Stop "Vibe Checking" Your AI. Use Snapshot Testing Instead.

We have all been there.

You write a perfect prompt for your AI feature.
It works great on your machine.
Two weeks later, you tweak the system prompt slightly.
Suddenly, your bot starts replying with 5-paragraph essays instead of one-liners.

In traditional web development, we solved this years ago with Snapshot Testing. If a UI component changes by one pixel, the test fails until you approve it.

Why aren't we doing this for AI?

Most of us are still "Vibe Checking" manually running the prompt, reading the output, and saying, "Yeah, seems okay."

I built a tool to fix this.

Introducing SafeStar

SafeStar is a zero-dependency CLI tool that brings the "Snapshot & Diff" workflow to AI engineering.

It doesn't care if you use Python, Node, or curl. It treats your AI as a black box and answers one question: "Did the behavior change compared to last time?"

How it works

It follows a Git-like workflow:

Snapshot a baseline of "good" behavior.
Run your current code.
Diff the results to detect drift.

Quick Start

You can try it right now without changing your code.

1. Install it

npm install --save-dev safestar

2. Define a Scenario
Create a file scenarios/refund.yaml. Tell SafeStar how to run your script using the exec key.

name: refund_bot
prompt: "I want a refund immediately."

# Your actual code command
exec: "python3 my_agent.py"

# Run it 5 times to catch randomness/instability
runs: 5

# Simple guardrails
checks:
  max_length: 200
  must_not_contain:
    - "I am just an AI"

3. Create a Baseline
Run it until you get an output you like, then "freeze" it.

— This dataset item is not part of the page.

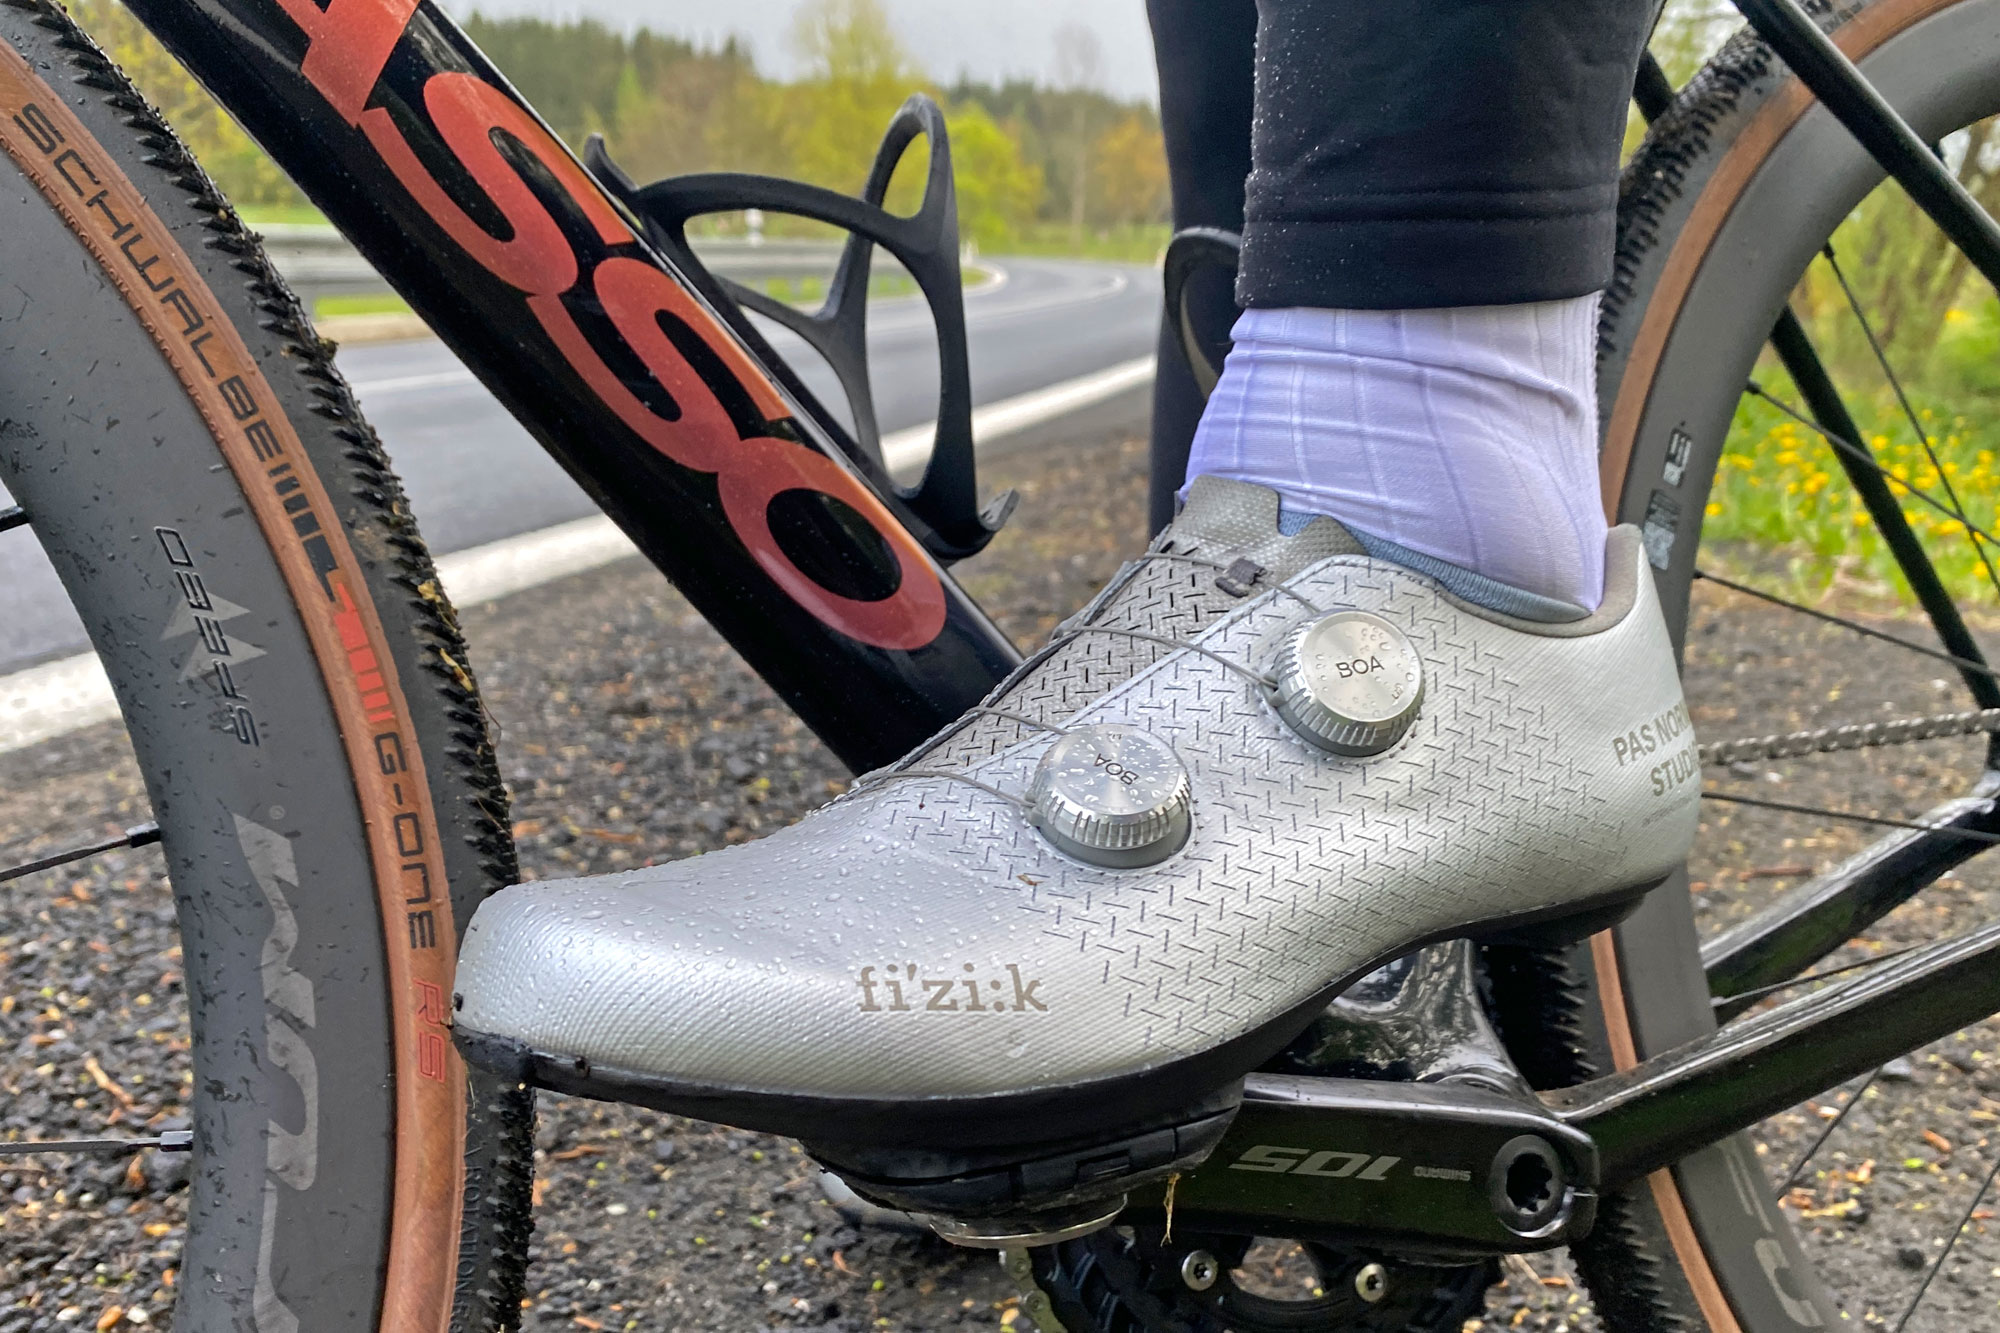 Pas Normal Mechanism x Fizik Carbon Road Shoe Collab Crafts Shiny Silver Slippers – Review

npx safestar baseline refund_bot

4. Check for Drift in CI
Now, whenever you change your prompt or model, run this:

npx safestar diff scenarios/refund.yaml

If your model drifts, SafeStar screams at you:

--- SAFESTAR REPORT ---
Status: FAIL

Metrics:
  Avg Length: 45 chars -> 120 chars
  Drift:      +166% vs baseline (WARNING)
  Variance:   0.2 -> 9.8 (High instability)

Why I built this

I was tired of complex evaluation dashboards that give me a "correctness score" of 87/100. I don't care about the score. I care about regressions.

If my bot was working yesterday, I just want to know if it is different today.

SafeStar is open source, local-first, and fits right into GitHub Actions.